All of us as citizens will benefit from improved genomics, improving our understanding of disease and improved healthcare.
There’s an enormous goldmine lying there in the genomics data.
Question: What is the European 1+ Million Genomes (1+MG) Initiative?
The European 1+Million Genomes Initiative is an effort across 25 EU countries and Norway moving towards cross-border access to high quality genomic data, affiliated clinical data to enable better research, improved healthcare and also policy making.
The data that we plan to include in this infrastructure are genomic data - the sequence of an individual’s DNA and also certain aspects of the clinical picture for that individual.
We need both genomic data and clinical information to correlate genetic changes in the genomic data with certain clinical features of the individual.
Question: Why is the 1+MG Initiative needed?
We need to scale up the capacity because not one European member state can do it alone, especially for rare diseases. We need to compare the genetic data of one individual patient with the entire database that can be available thanks to this initiative.
Genomics and identifying causes for rare diseases are all about pattern recognition. The more data you have, the greater your ability to recognise what is normally present in a population from what is pathogenic and potentially disease causing.
Question: What is the 1+Million Genome Infrastructure doing?
It is building the technical, legal and organisational infrastructure to provide cross-border access to genomic data across Europe. These data are stored locally, but the access is federated, which means that clinicians can have access in a cross-border fashion.
With larger amounts of high quality genomics data and associated patient data, the infrastructure will enable research and drive personalised medicine forward.
Question: How are we ensuring data is secure?
In terms of data security, there is European legislation and local legislation that will guide the requirements in each country.
We have something called “data protection by default and design” that makes everything secure from the very beginning. We only open up the parts that need to be open with control access for those who should have access to the data.
Question: What is the benefit of being part of the Initiative?
Those that would benefit immediately are the patients with cancer, rare diseases or cardiovascular diseases. But it’s not only about patients, it’s also about citizens.

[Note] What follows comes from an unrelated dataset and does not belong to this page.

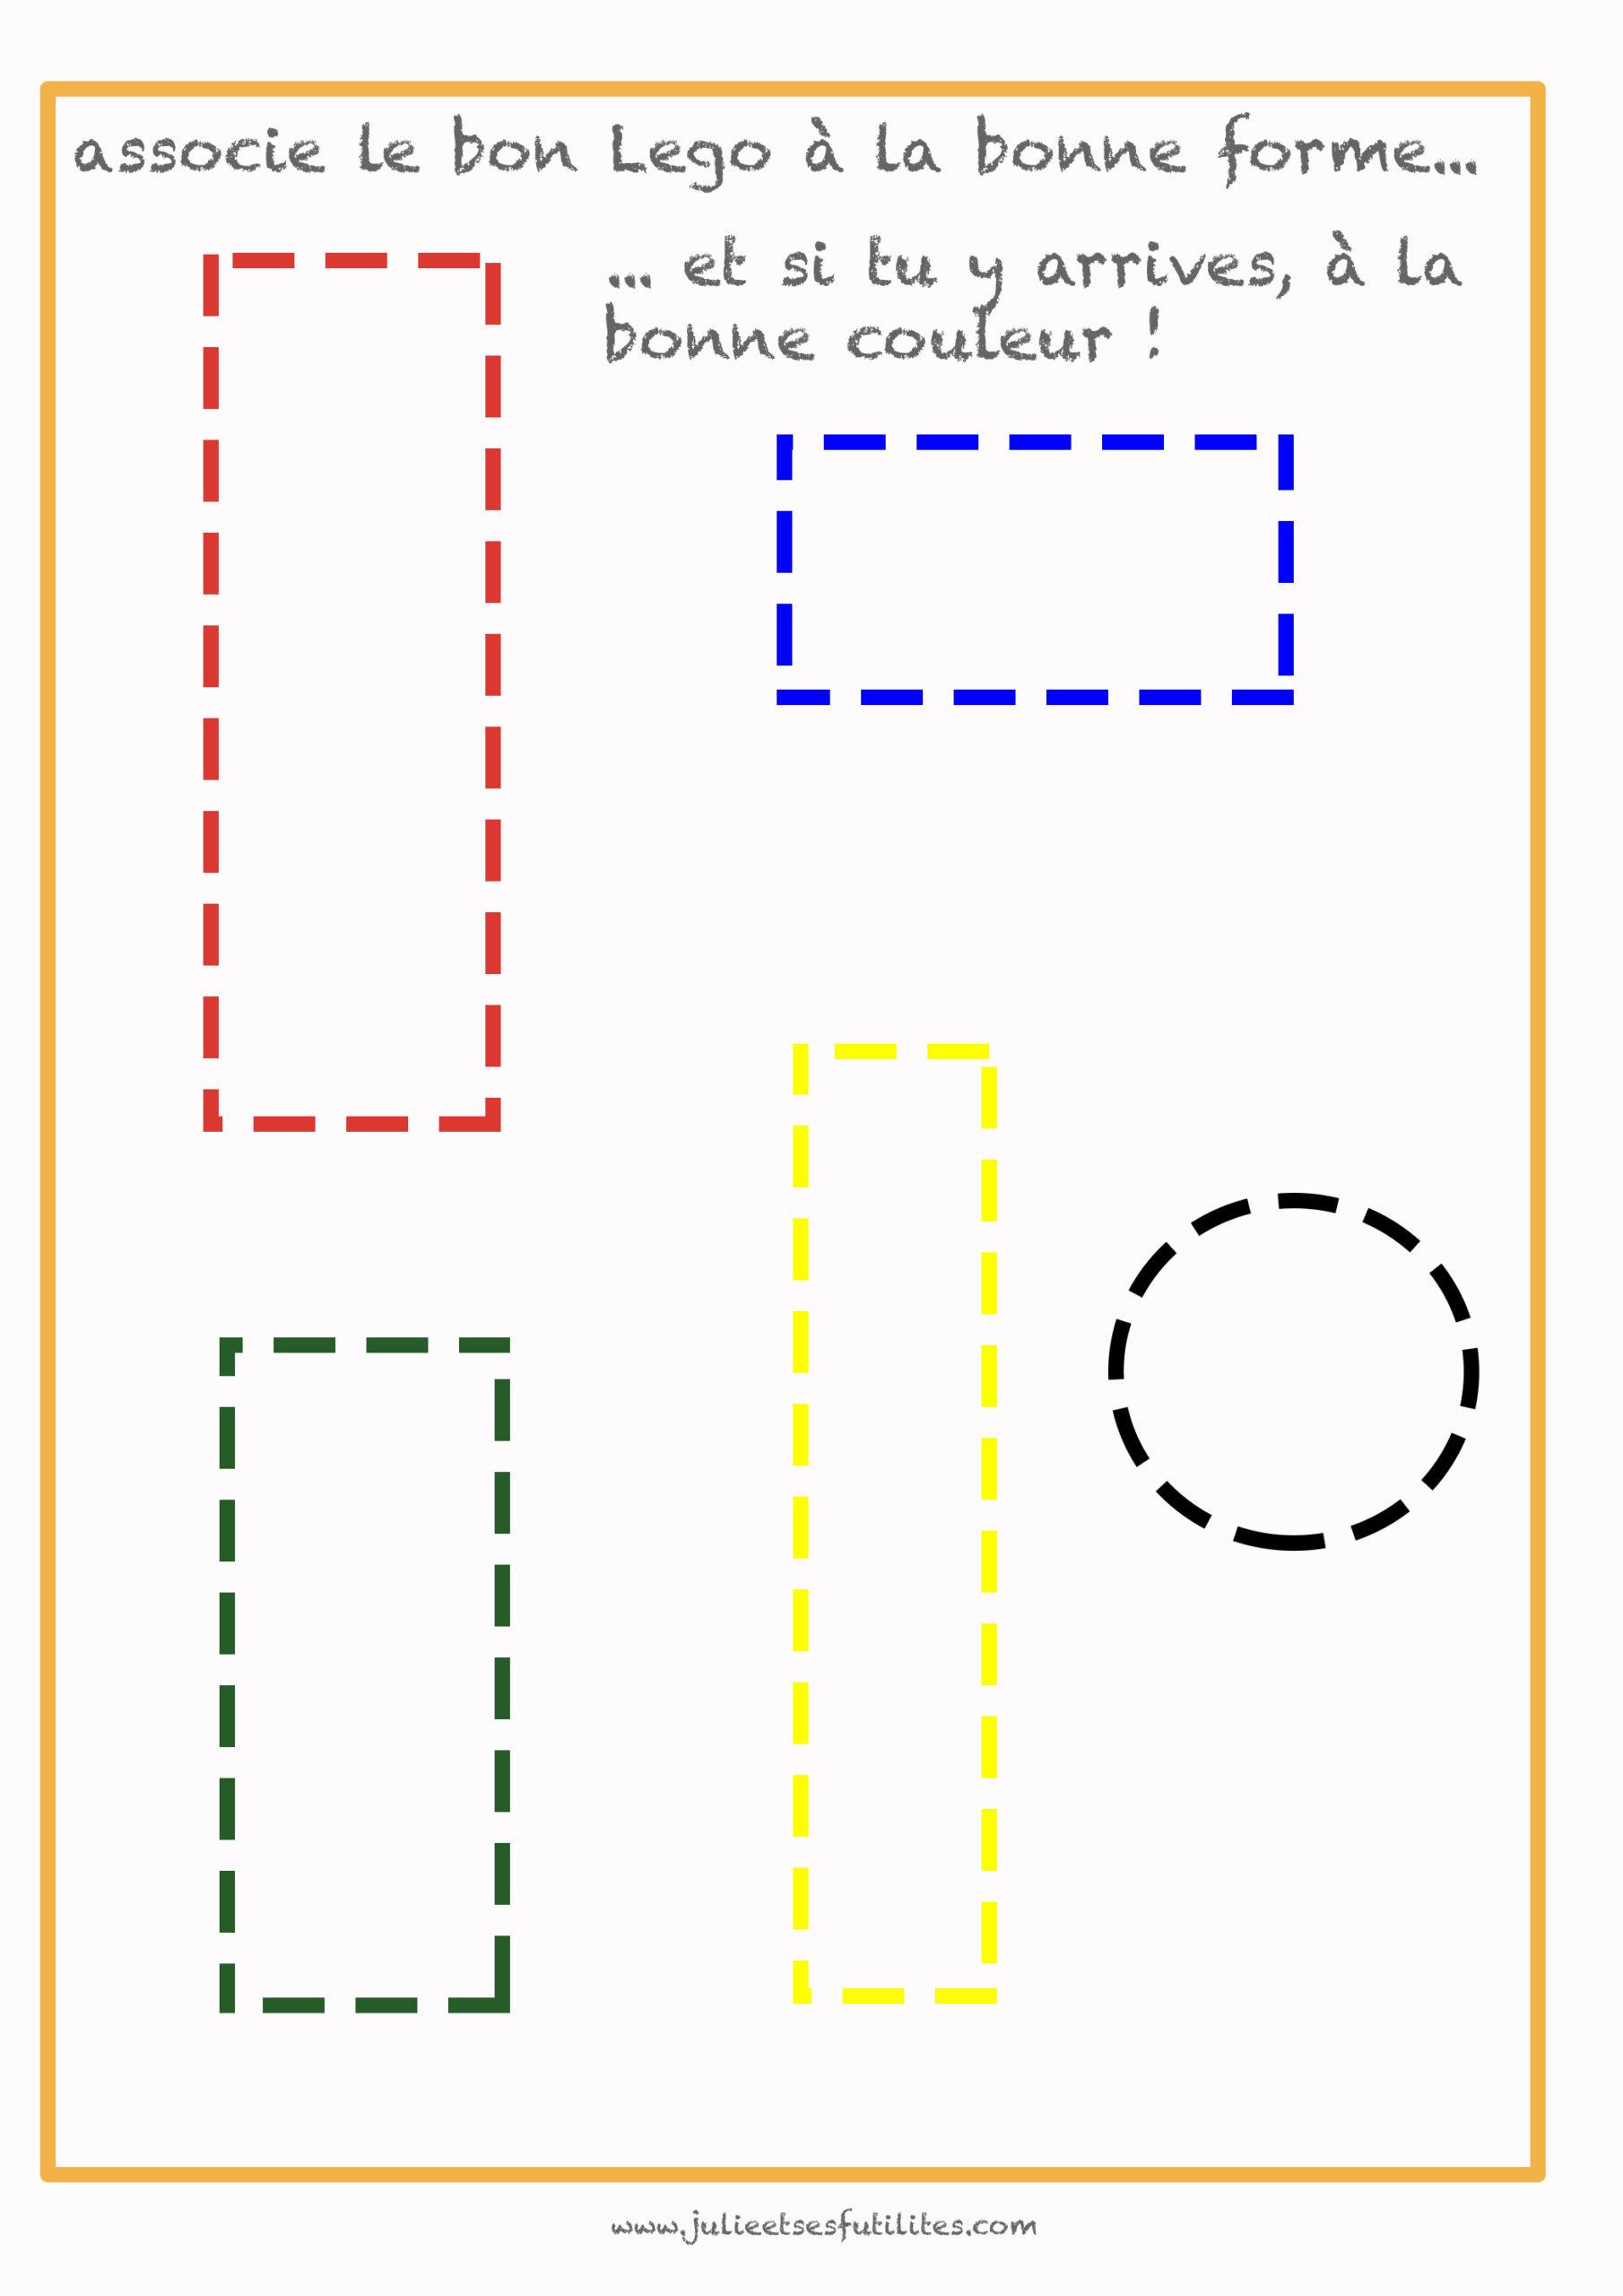 exercice-lego

Take Sweden as an example, one of the benefits for the country to be part of the 1+MG Initiative is being able to access data from other countries. Sweden is a small country, getting access to data from 400 million inhabitants will increase the possibilities for research and healthcare development and innovation.
This project is game changing for the field of genomics. It will put Europe at the forefront of genomics research. It is also an opportunity for Europe to have impactful infrastructure in place for genomics that relates to healthcare and has benefits for citizens and individuals.